#### AVAILABLE DATA ####

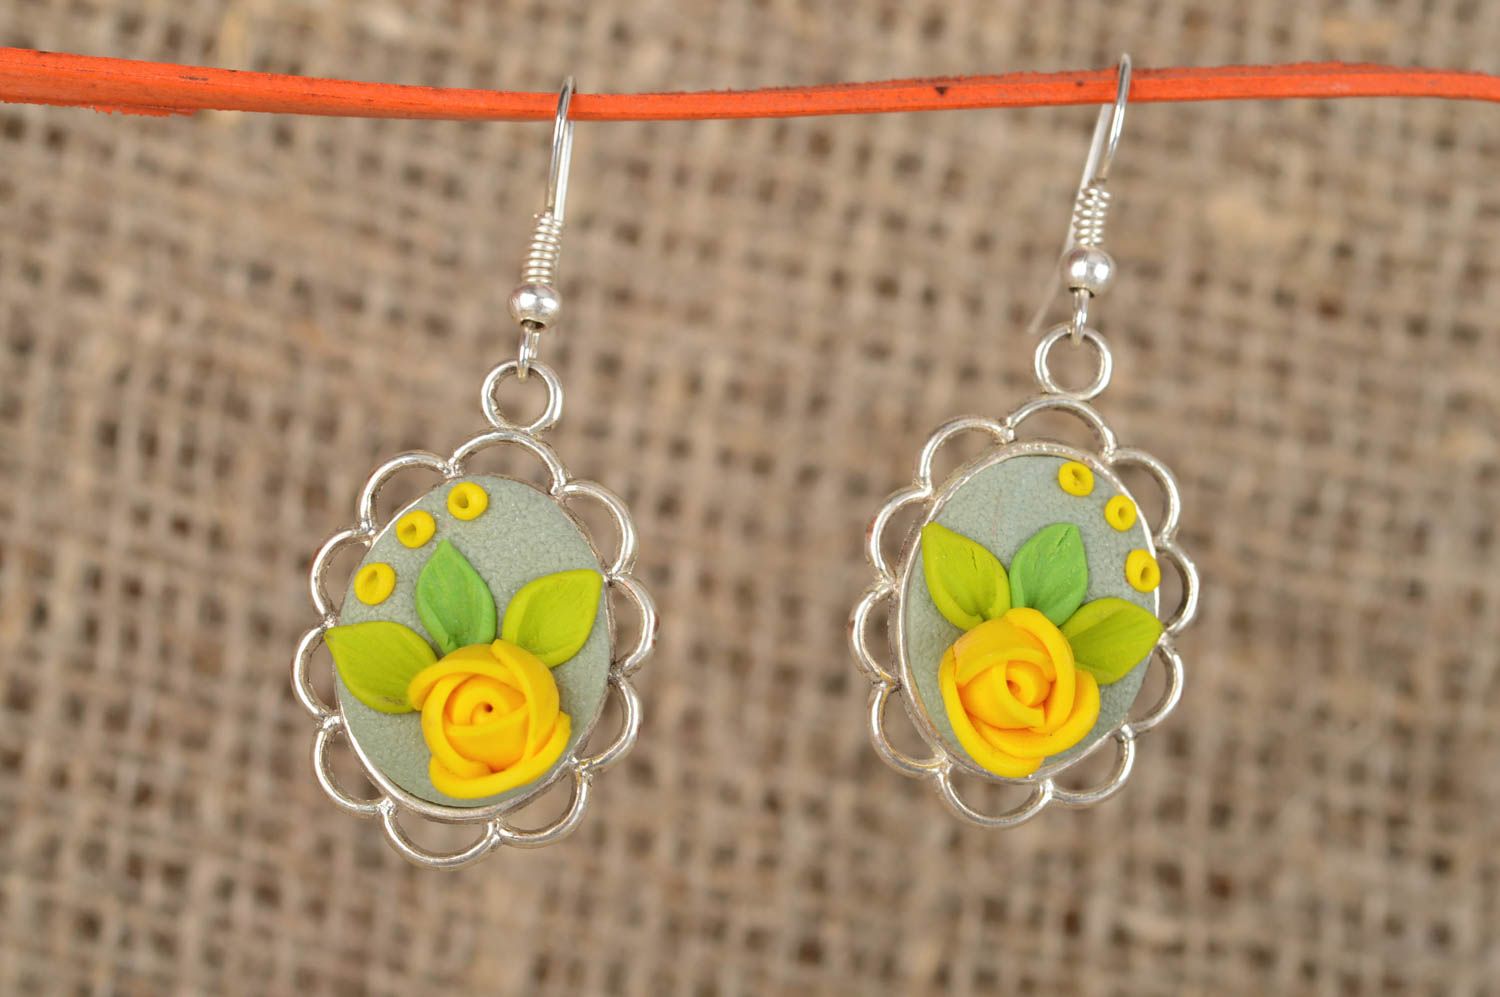 Small earrings with flowers made of polymer clay handmade summer accessory photo 1
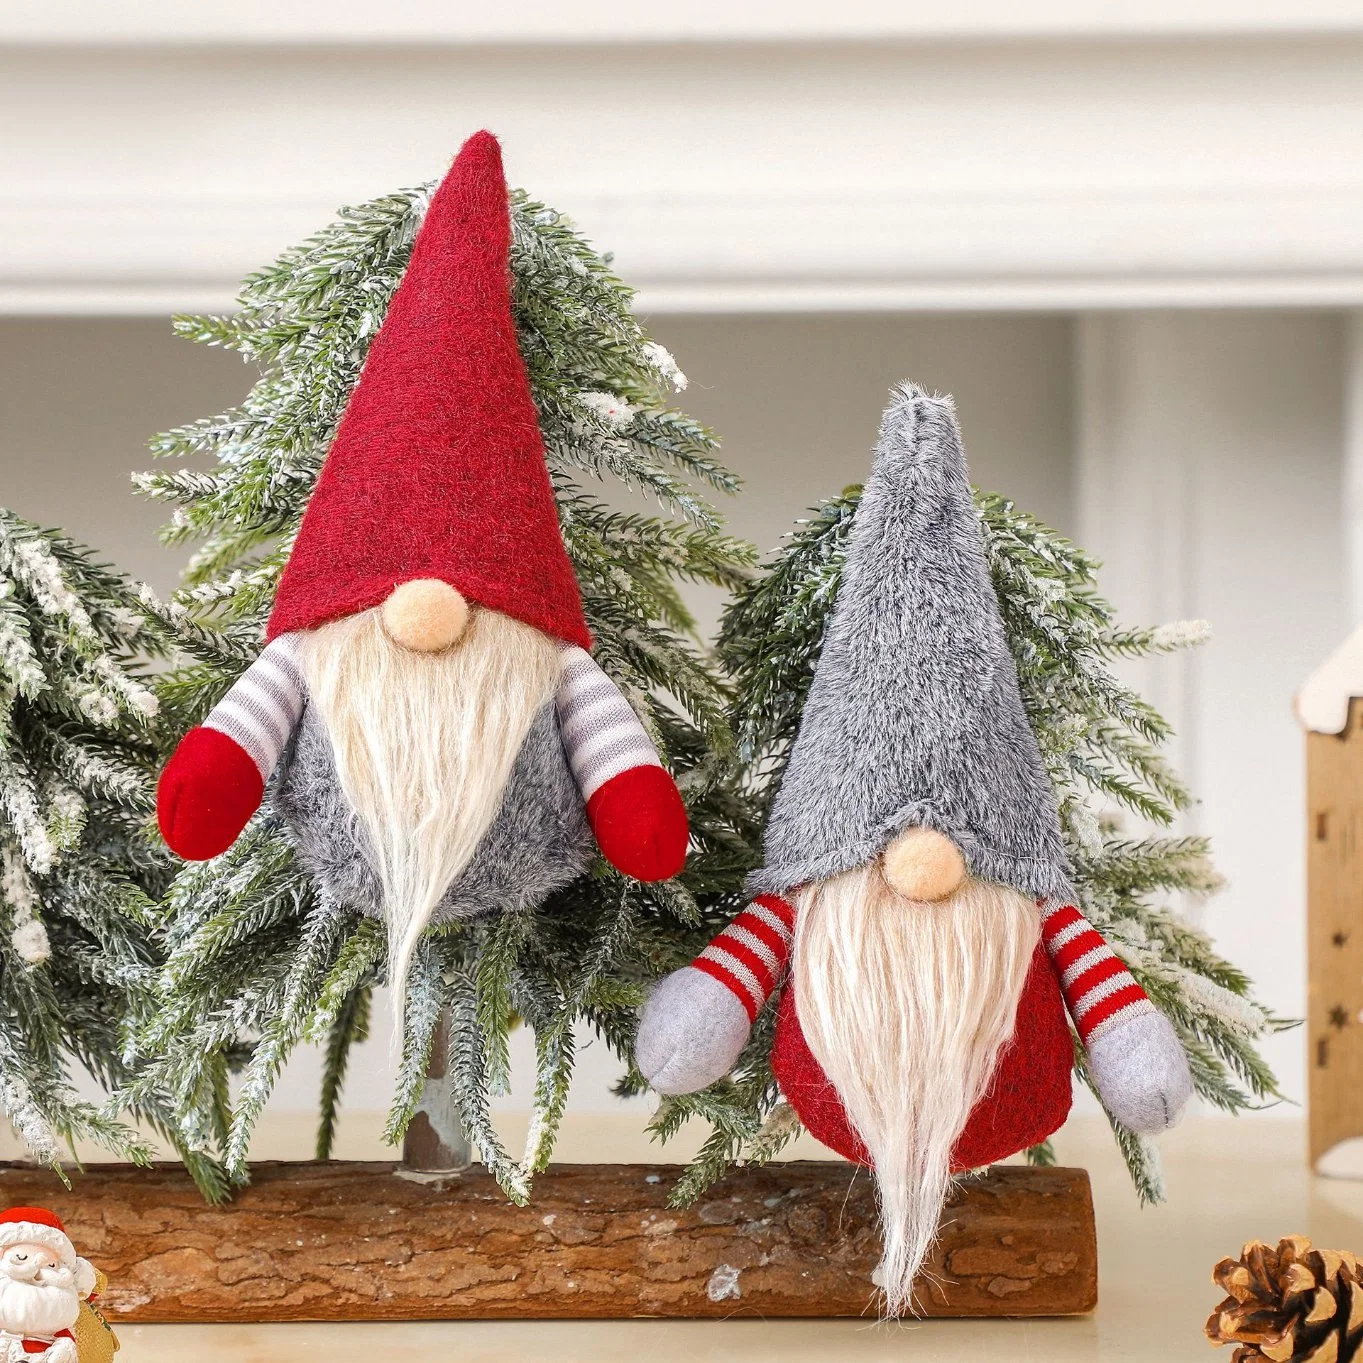 Merry Christmas Decor Product Xmas Noel Santa Claus Red Gonk Plush Gnomes Gifts with Tree Party Supplies
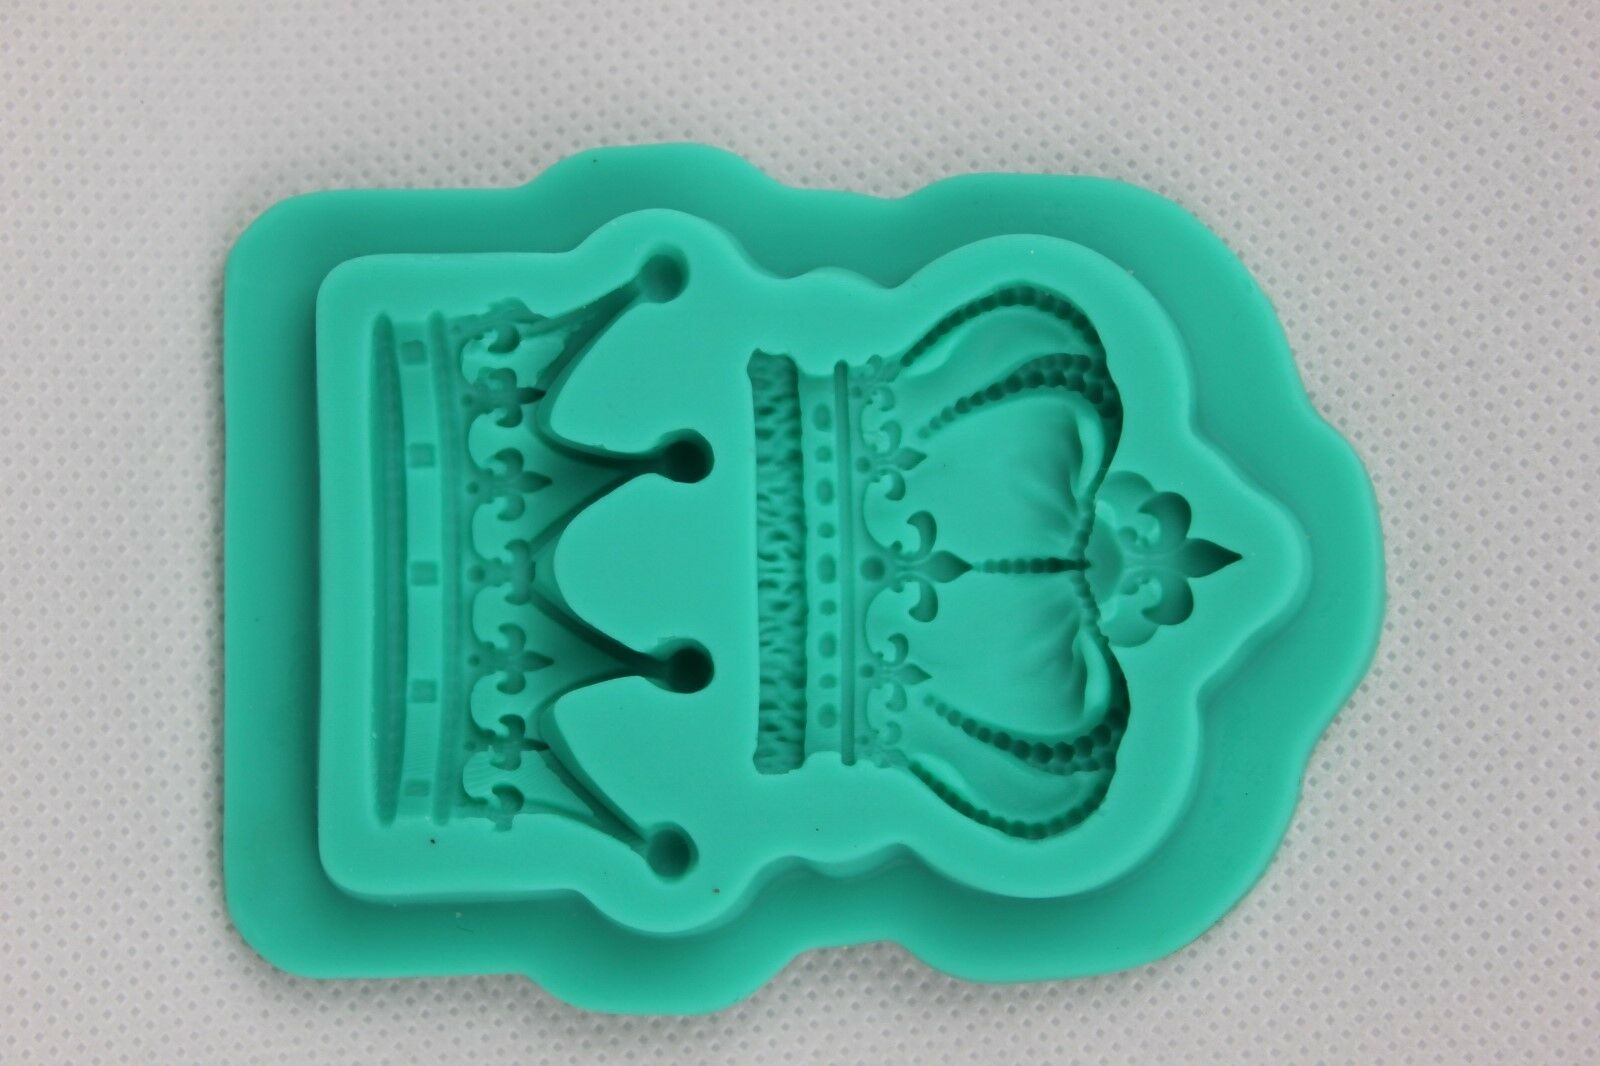 attachment-https://www.cupcakeaddicts.co.uk/wp-content/uploads/imported/3/Crown-Royal-baby-Prince-Princess-Silicone-Mould-Cake-Chocolate-Icing-Bake-Decor-323147589533-4.jpg
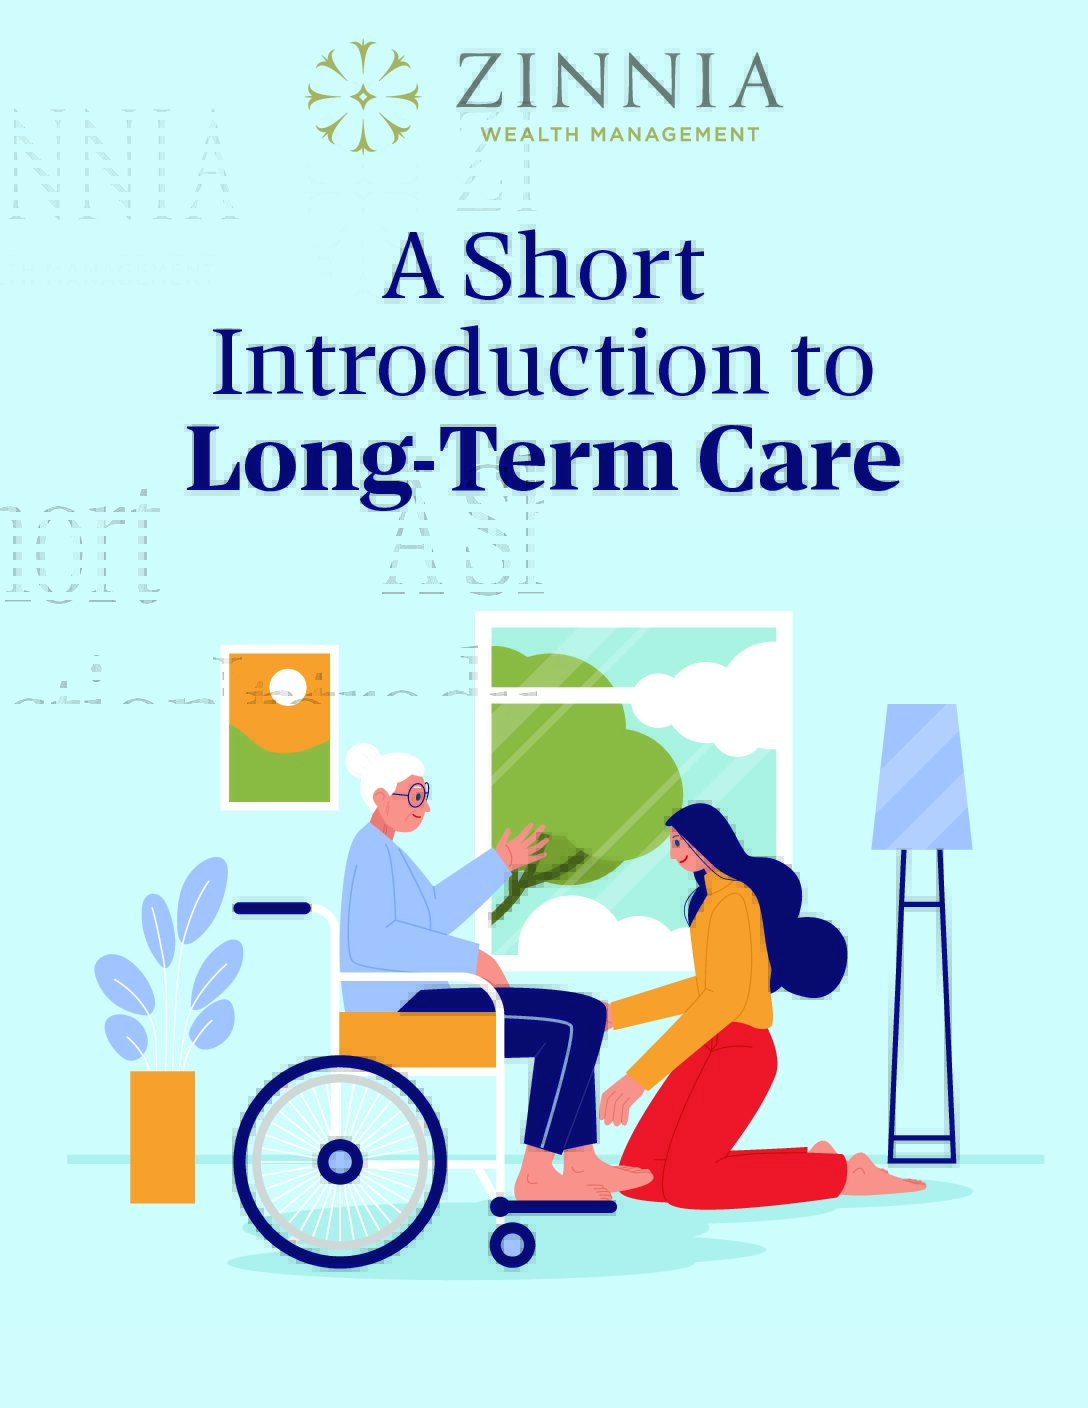 Long-Term Care Guide

####

EXERCISE AIM:
Retyped exactly, the lines from the one holding "Merry Christmas Decor" through the last line of the data above are the whole answer. Pictures stay out.

EXPECTED ANSWER:
 Merry Christmas Decor Product Xmas Noel Santa Claus Red Gonk Plush Gnomes Gifts with Tree Party Supplies
 attachment-https://www.cupcakeaddicts.co.uk/wp-content/uploads/imported/3/Crown-Royal-baby-Prince-Princess-Silicone-Mould-Cake-Chocolate-Icing-Bake-Decor-323147589533-4.jpg
 Long-Term Care Guide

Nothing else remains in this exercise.